The government has encouraged foreign corporations to set up branch plants in the Netherlands and to establish joint ventures with Dutch companies in order to benefit from the introduction of new production techniques and improved methods of management that outside firms often bring. The government does not discriminate between foreign and domestic companies; foreign entrepreneurs have the same business privileges and obligations as Dutch businessmen. As a result, foreign companies operate in virtually all industries, including high-technology electronics, chemicals, metals, electrical equipment, textiles, and food processing.

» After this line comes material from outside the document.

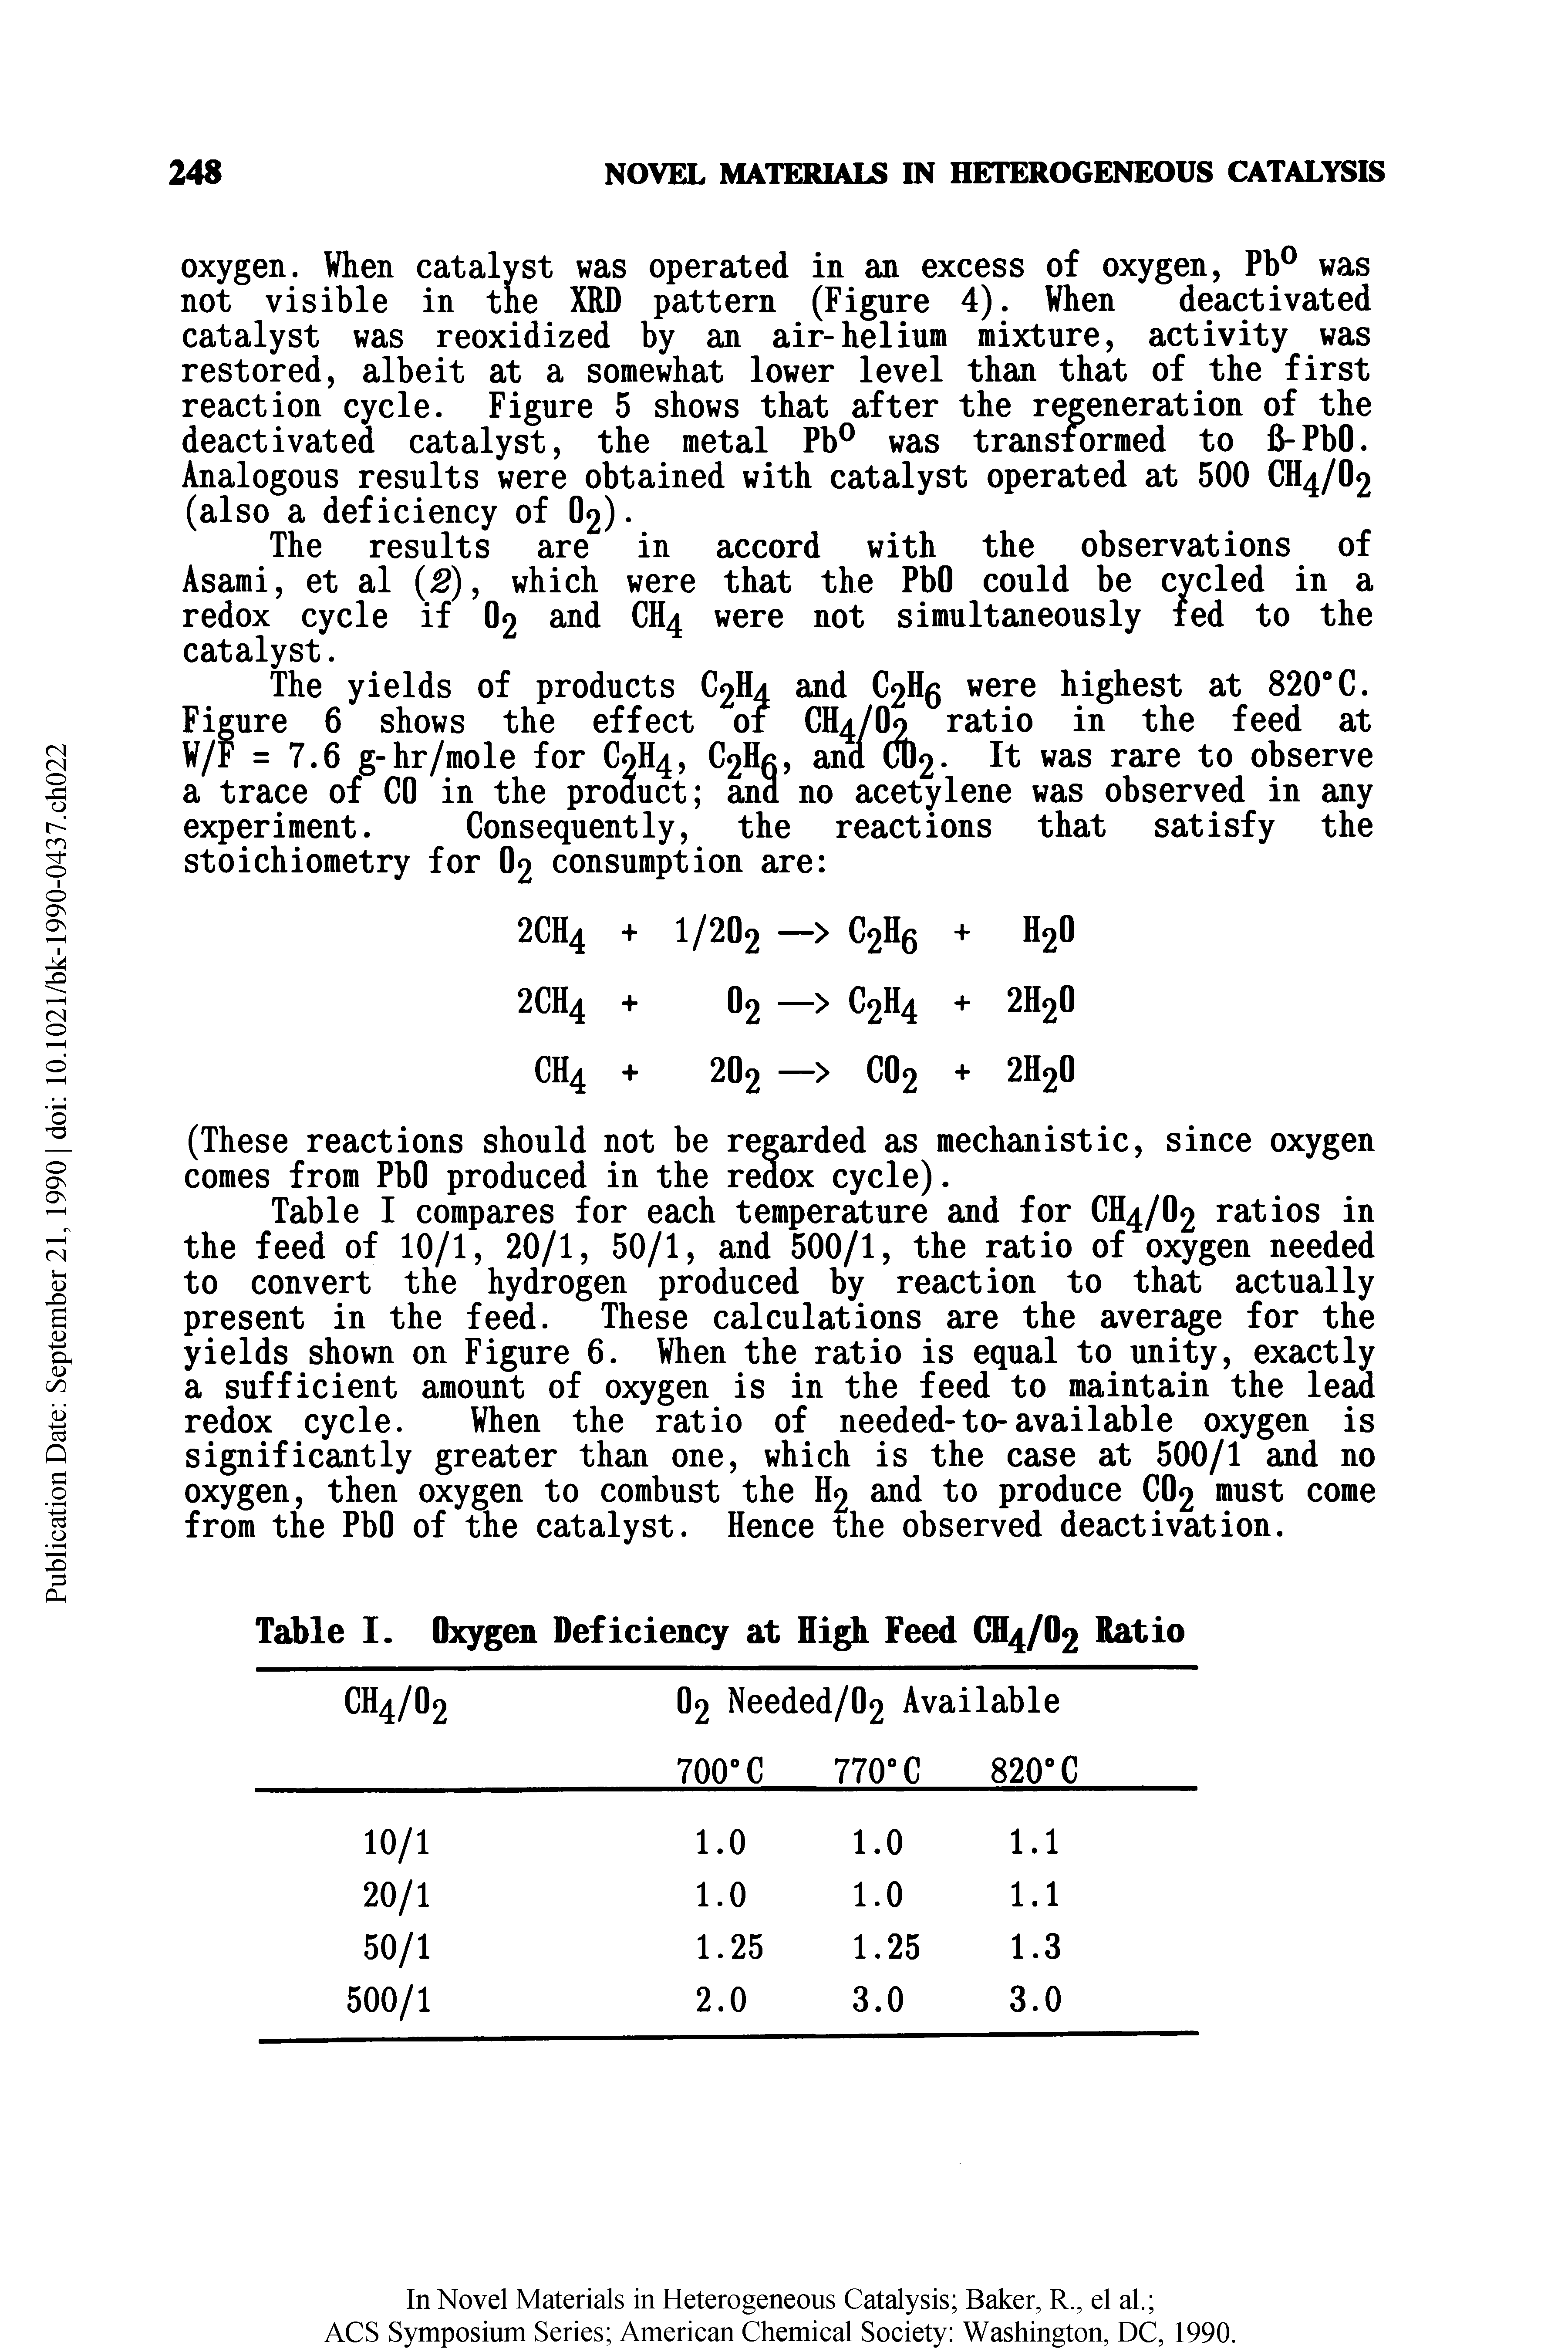 Table I compares for each temperature and for CH4/O2 ratios in the feed of 10/1, 20/1, 50/1, and 500/1, the ratio of oxygen needed to convert the hydrogen produced by reaction to that actually present in the feed. These calculations are the average for the yields shown on Figure 6. When the ratio is equal to unity, exactly a sufficient amount of oxygen is in the feed to maintain the lead redox cycle. When the ratio of needed-to-available oxygen is significantly greater than one, which is the case at 500/1 and no oxygen, then oxygen to combust the H2 and to produce CO2 must come from the PbO of the catalyst. Hence the observed deactivation.
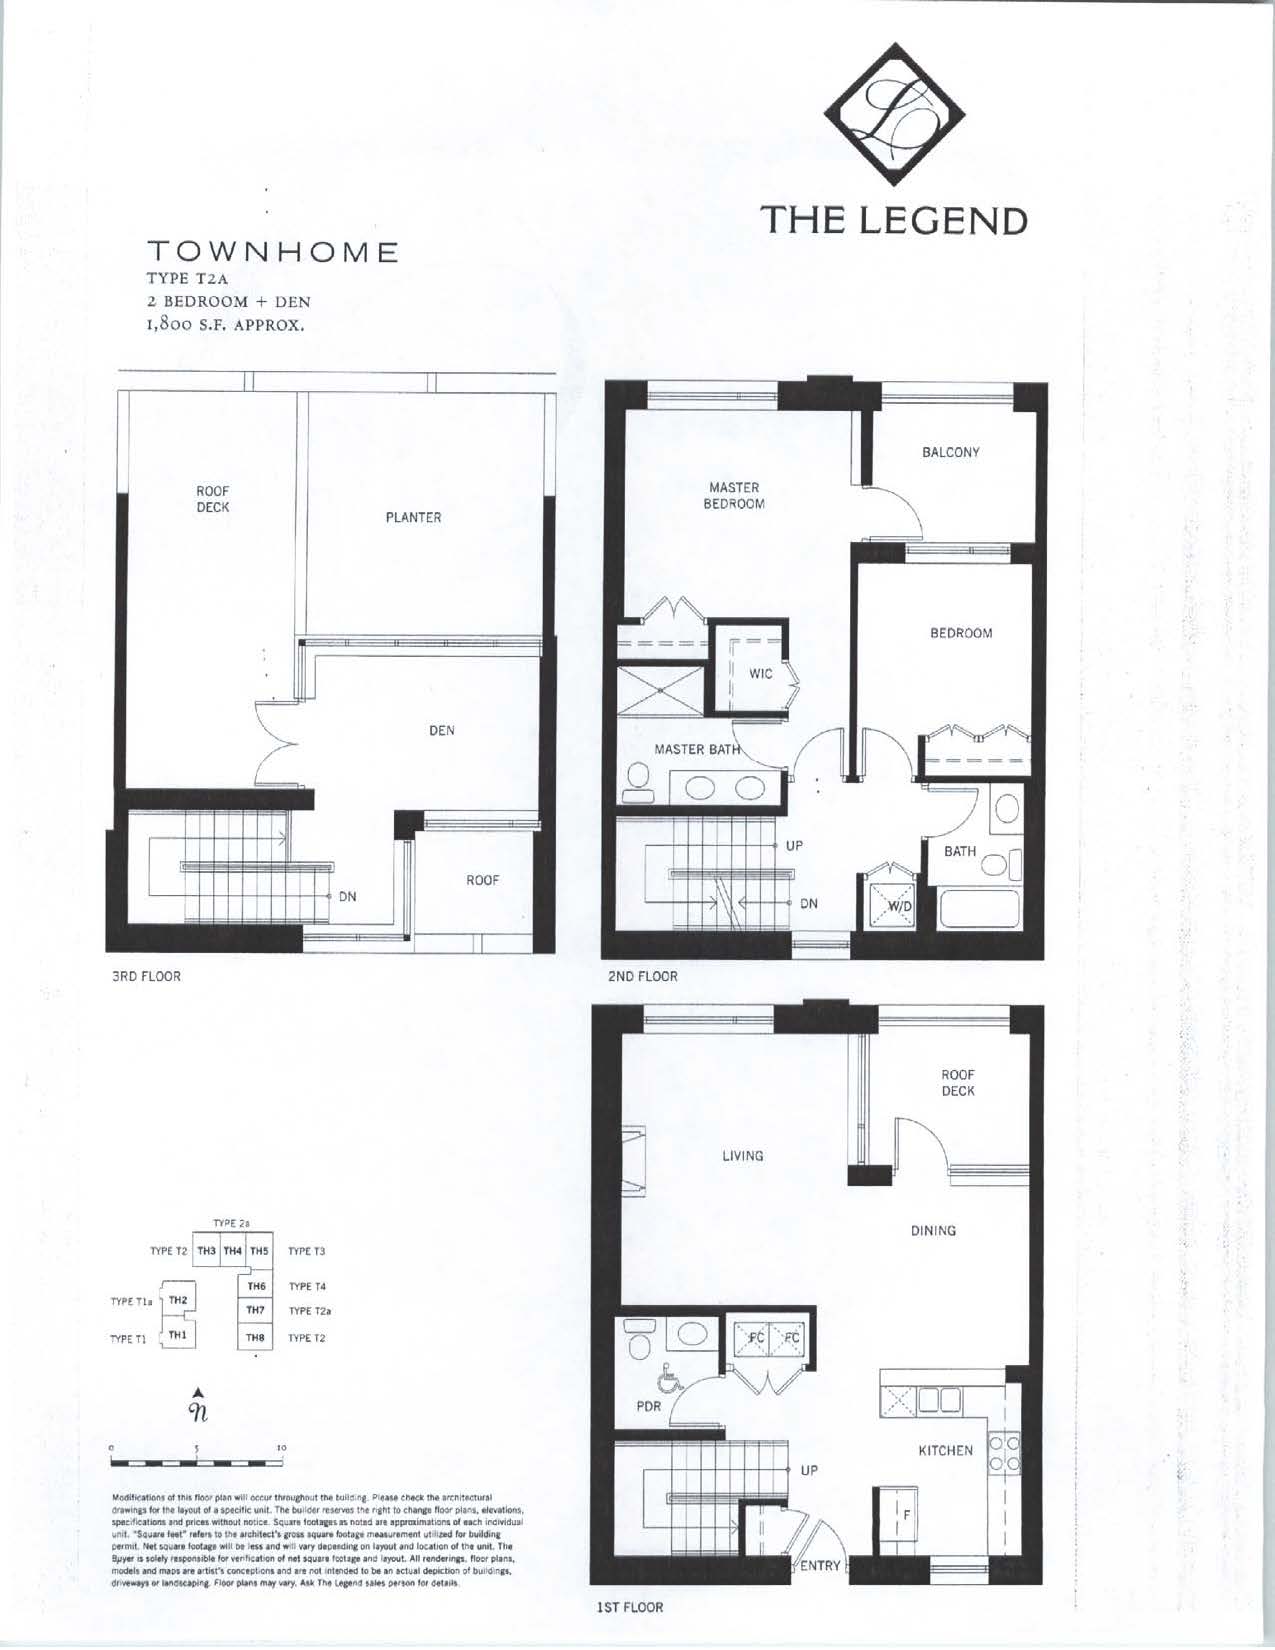 The Legend Townhome

Annual foreign direct investment (FDI) inflows were $11 billion in 1997, down from $16.6 billion in 1996, but then soared to $37.6 billion in 1998. The peak was reached in 2000 and 2001,when total inflows reached $52 billion and $50 billion, respectively. However, in 2002, FDI inflow fell to an estimated $30 billion. In 2002, Germany replaced the United States as the main source of FDI inflow. By 2001, the total stock of FDI had reached about $321 billion. The major holders were the United States (24%), the United Kingdom (16%), and Belgium (14%).
The leading destinations of inward FDI have been the mining, quarrying and petroleum sectors.
By 2001, outward FDI stock held by investors from the Netherlands totaled about $370 billion. The leading destinations of outward FDI from the Netherlands have been the United States (27%), Belgium (11%), and the United Kingdom (8%). The leading sector of outward investment has been the financial sector.